Document Type

Article

Publication Date

9-1-2014

Publication Source

American Journal of Physiology Heart and Circulatory Physiology

Abstract

We tested the hypothesis that activation of inwardly rectifying potassium (KIR) channels and Na+-K+-ATPase, two pathways that lead to hyperpolarization of vascular cells, contributes to both the onset and steady-state hyperemic response to exercise. We also determined whether after inhibiting these pathways nitric oxide (NO) and prostaglandins (PGs) are involved in the hyperemic response. Forearm blood flow (FBF; Doppler ultrasound) was determined during rhythmic handgrip exercise at 10% maximal voluntary contraction for 5 min in the following conditions: control [saline; trial 1 (T1)]; with combined inhibition of KIR channels and Na+-K+-ATPase alone [via barium chloride (BaCl2) and ouabain, respectively; trial 2(T2)]; and with additional combined nitric oxide synthase (NG-monomethyl-l-arginine) and cyclooxygenase inhibition [ketorolac; trial 3 (T3)]. In T2, the total hyperemic responses were attenuated ∼50% from control (P < 0.05) at exercise onset, and there was minimal further effect in T3 (protocol 1; n= 11).

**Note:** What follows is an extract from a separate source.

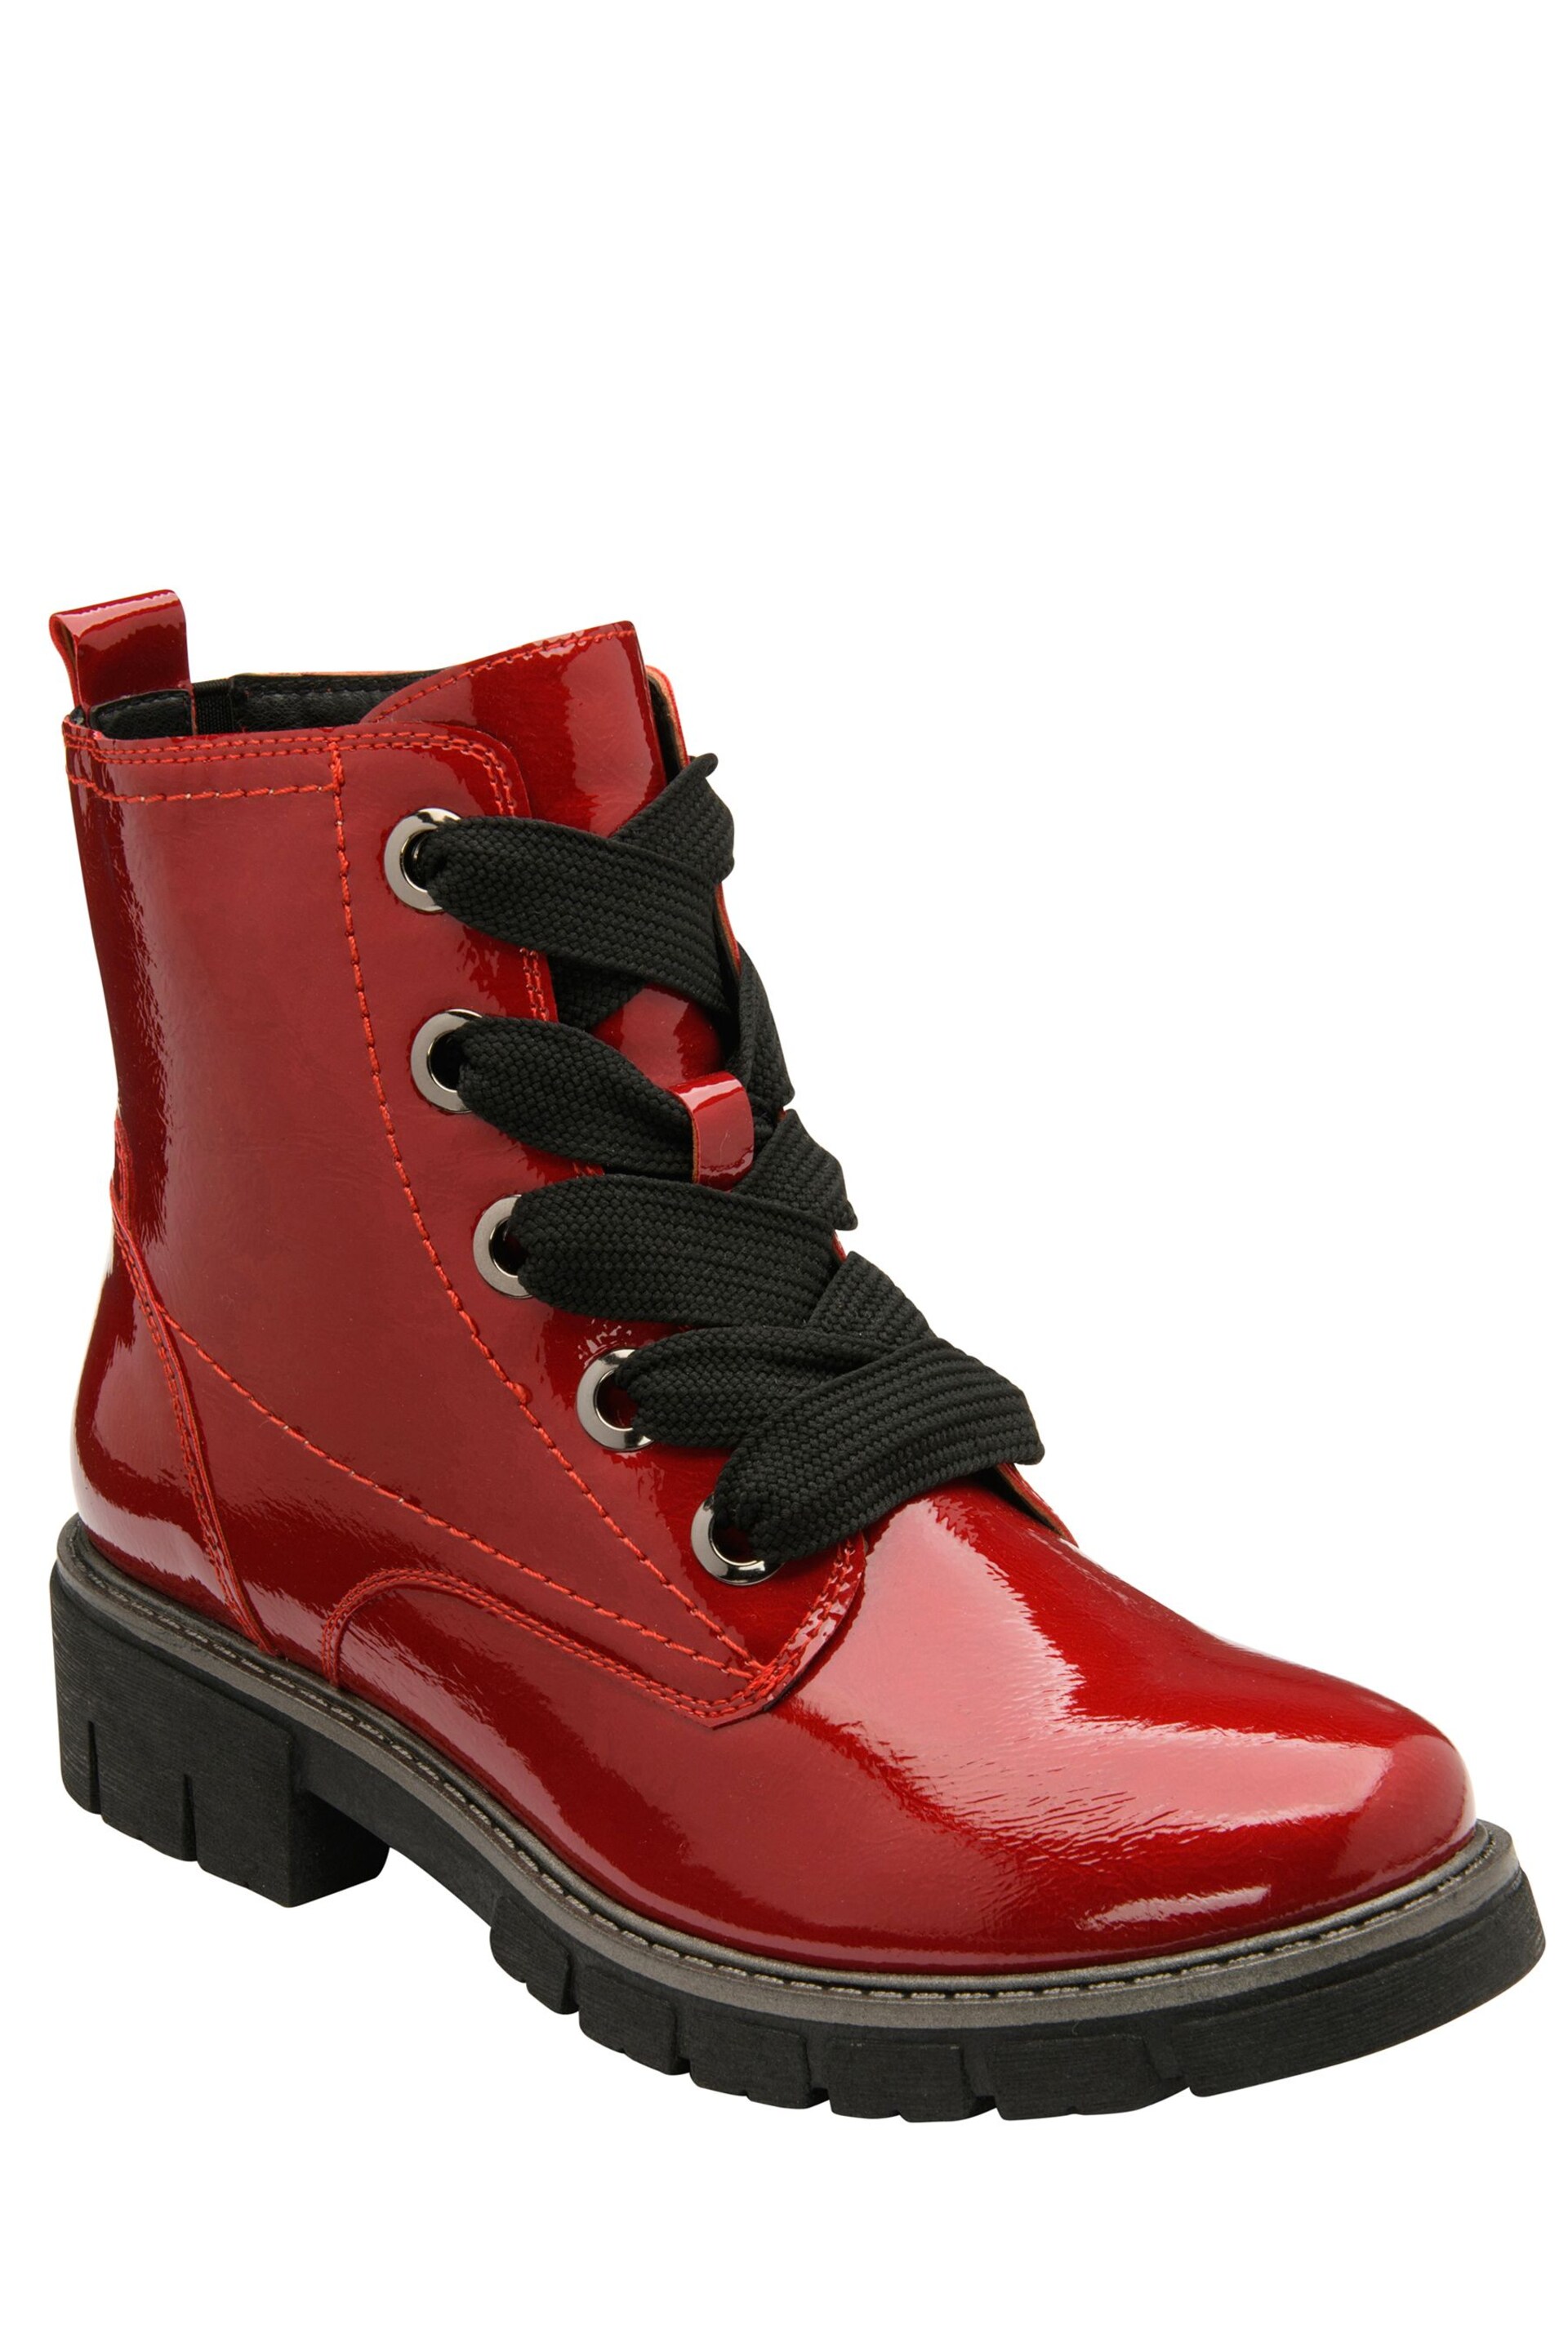 Lotus Red Patent Lace-Up Ankle Boots - Image 1 of 4

In protocol 2 (n = 8), steady-state FBF was significantly reduced during T2 vs. T1 (133 ± 15 vs. 167 ± 17 ml/min; Δ from control: −20 ± 3%; P < 0.05) and further reduced during T3 (120 ± 15 ml/min; −29 ± 3%; P < 0.05 vs. T2). In protocol 3 (n = 8), BaCl2 alone reduced FBF during onset (∼50%) and steady-state exercise (∼30%) as observed in protocols 1 and 2, respectively, and addition of ouabain had no further impact. Our data implicate activation of KIR channels as a novel contributing pathway to exercise hyperemia in humans.

Inclusive pages

H782-H791

ISBN/ISSN

0363-6135

Document Version

Postprint

Comments

The item available for download is the authors' accepted manuscript, deposited as mandated into PubMed Central and provided here in compliance with publisher policies on self-archiving. The version of record is available online.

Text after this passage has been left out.